→ What to do
What's needed is an exact copy of the lines from the one that contains "Samurai Army Figurine, 1553 (Amati)" to the end of the data below, leaving the pictures out.

→ Data provided
•••
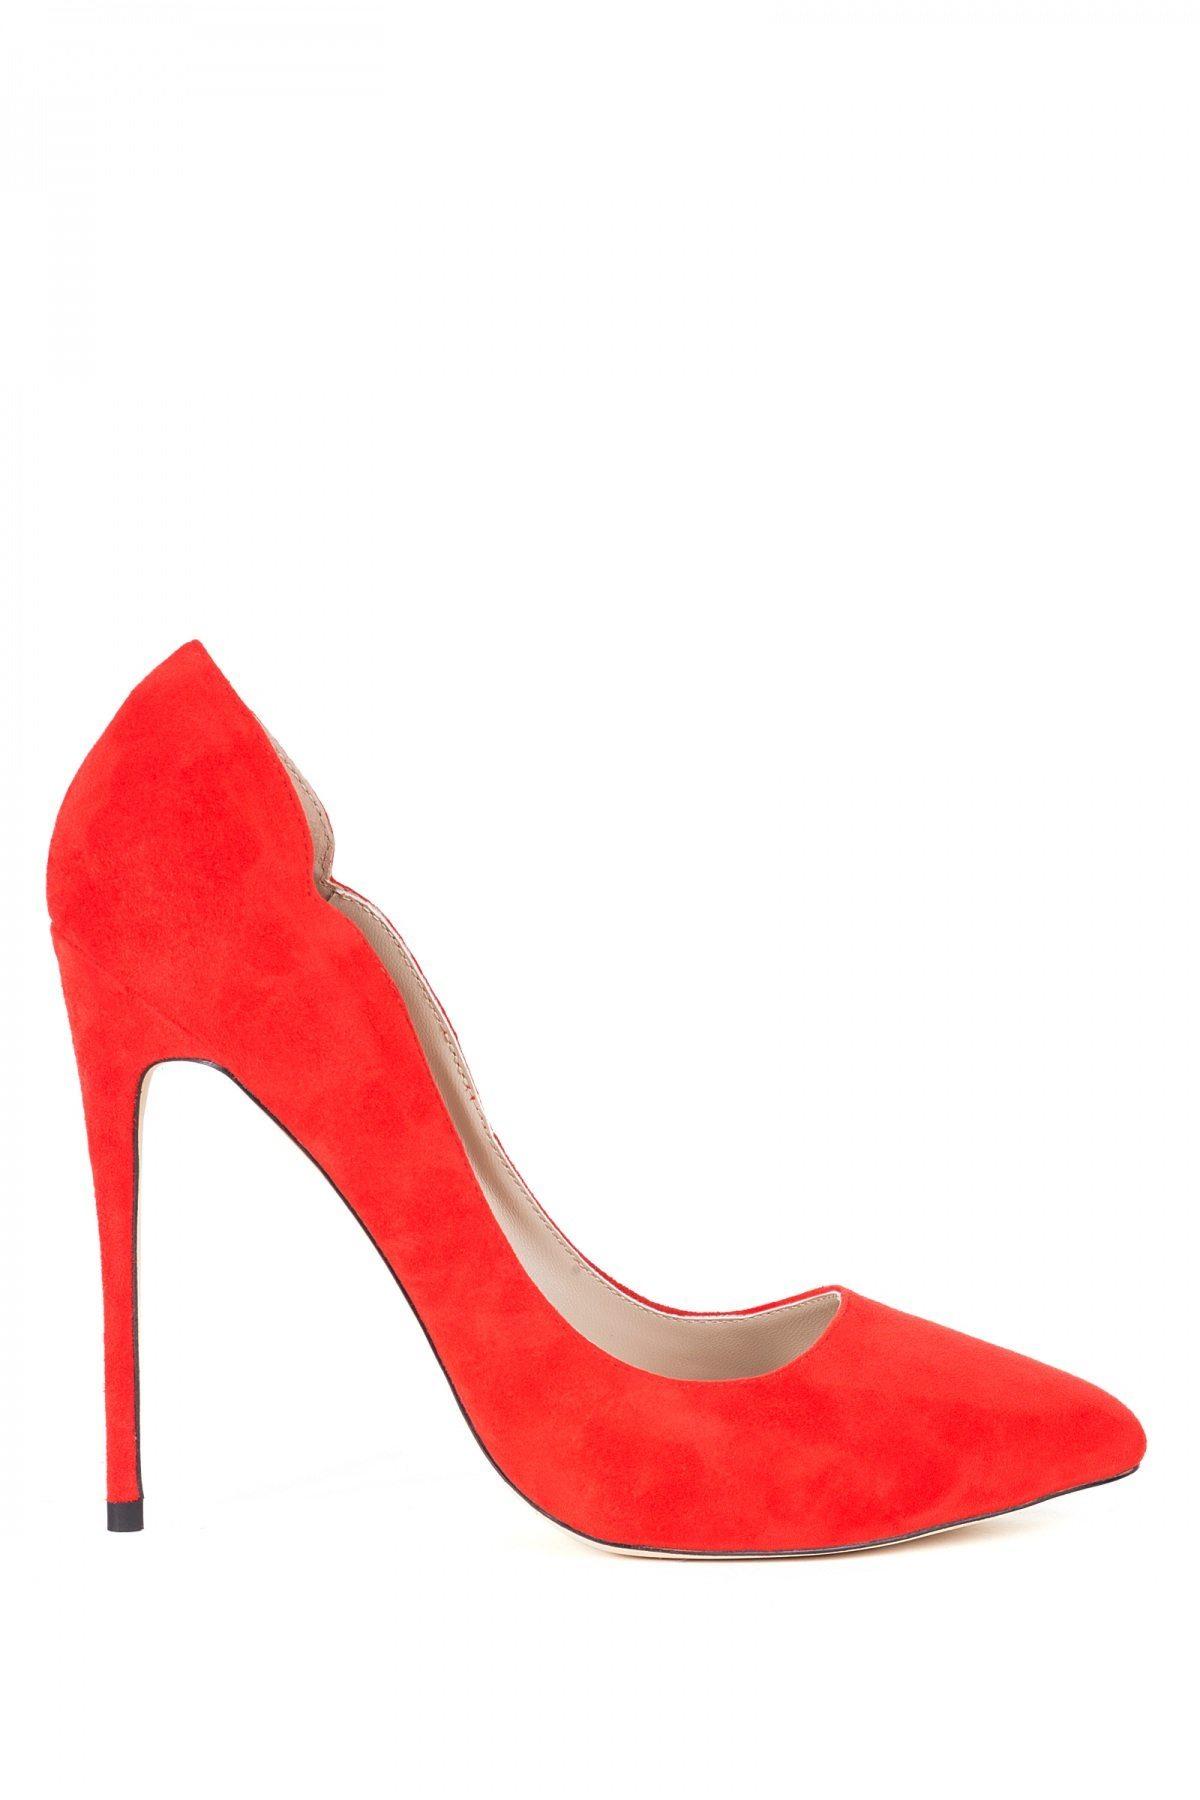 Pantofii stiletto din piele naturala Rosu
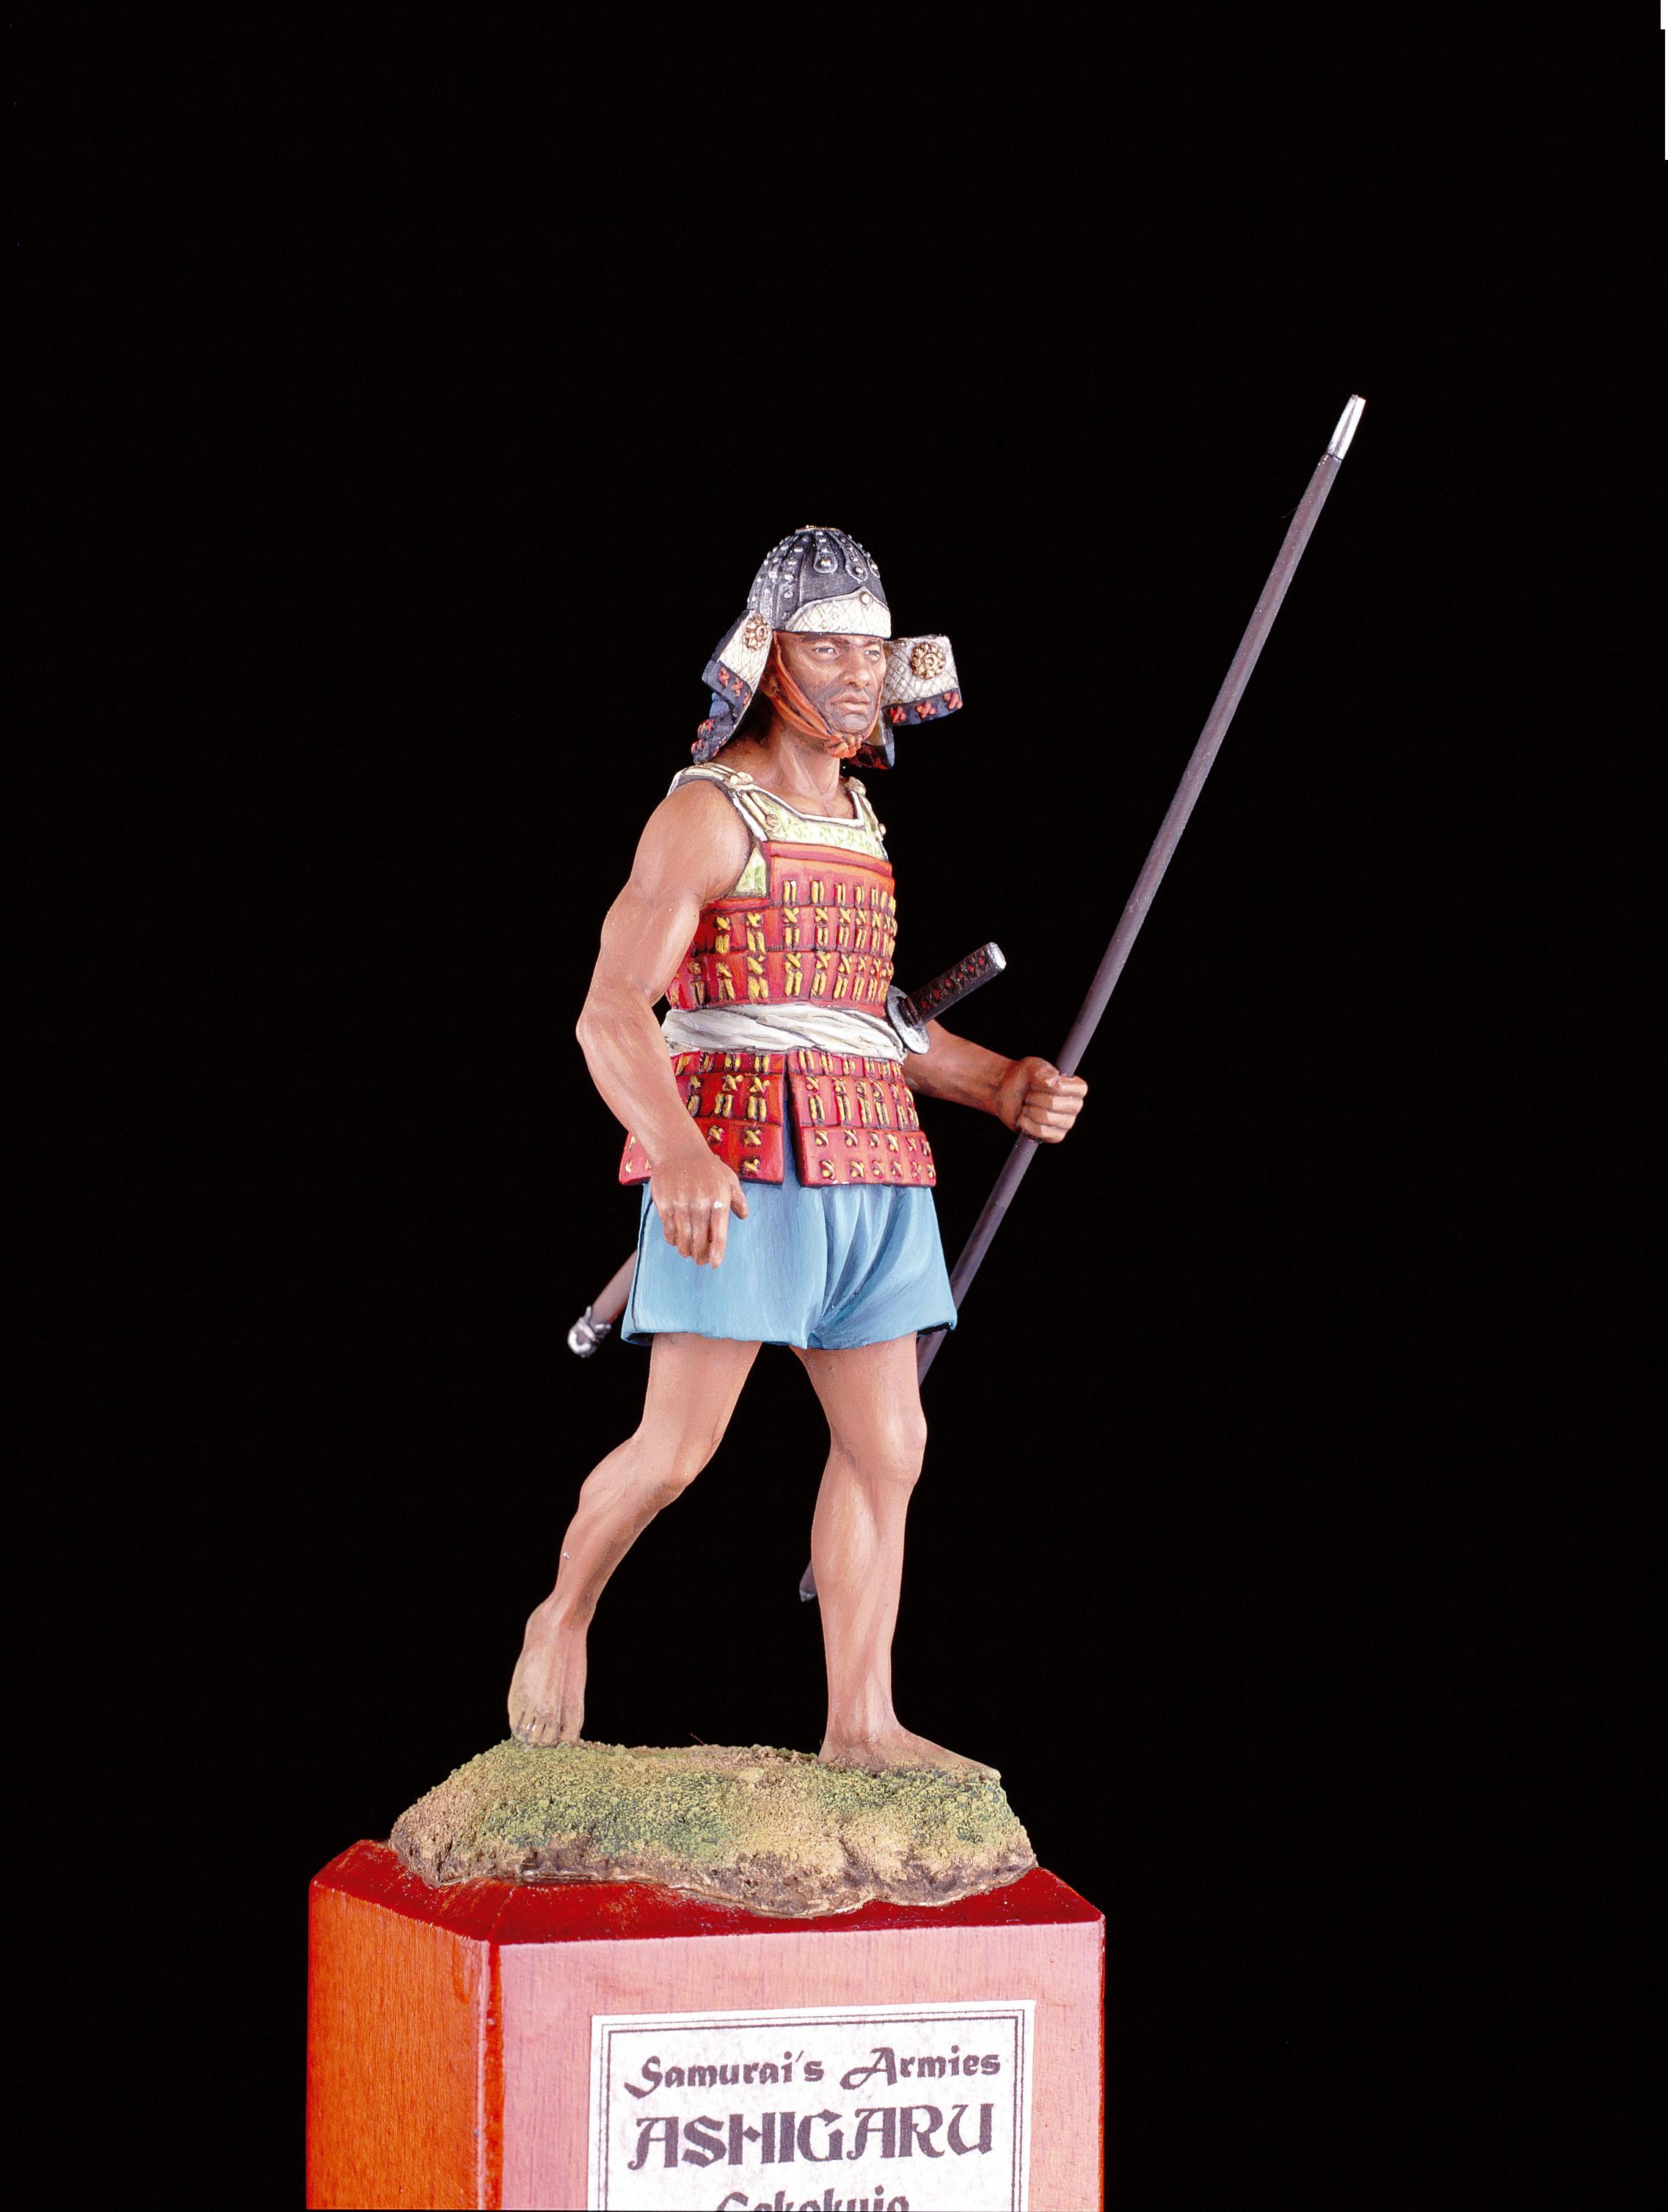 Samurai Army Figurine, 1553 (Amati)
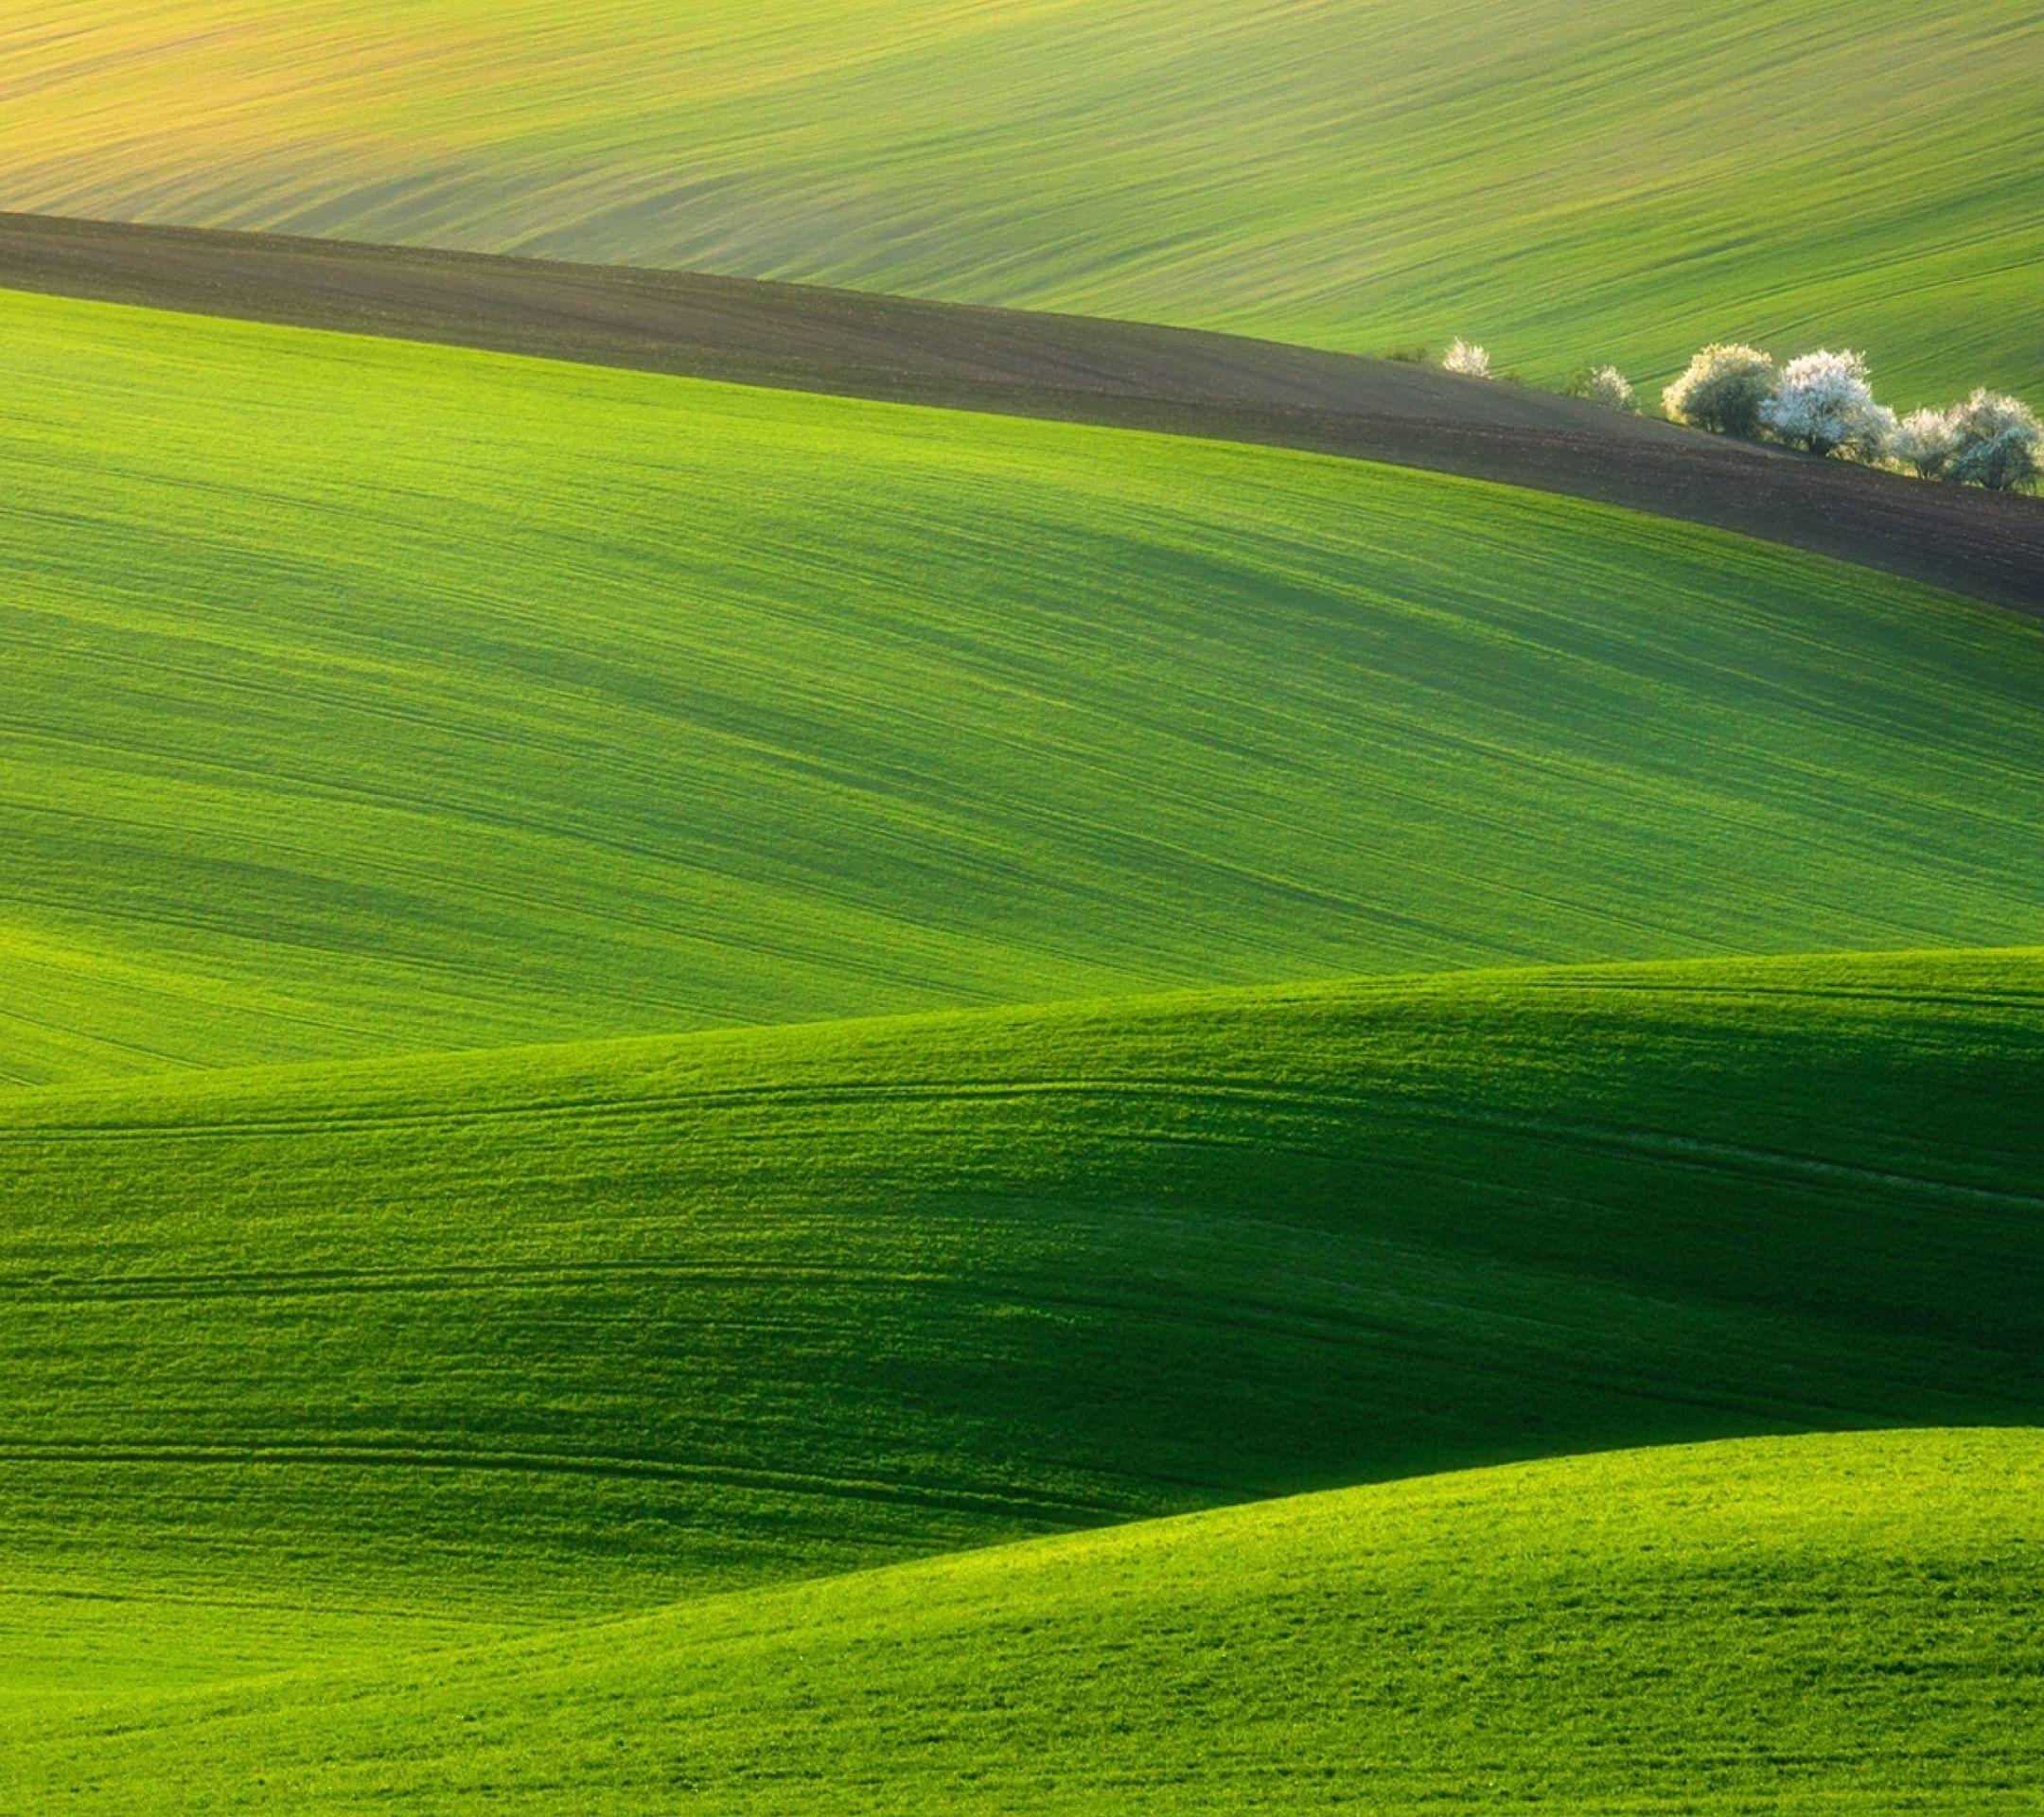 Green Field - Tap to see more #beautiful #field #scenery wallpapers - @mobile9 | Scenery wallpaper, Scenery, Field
•••
→ Exercise solution
 Samurai Army Figurine, 1553 (Amati)
 Green Field - Tap to see more #beautiful #field #scenery wallpapers - @mobile9 | Scenery wallpaper, Scenery, Field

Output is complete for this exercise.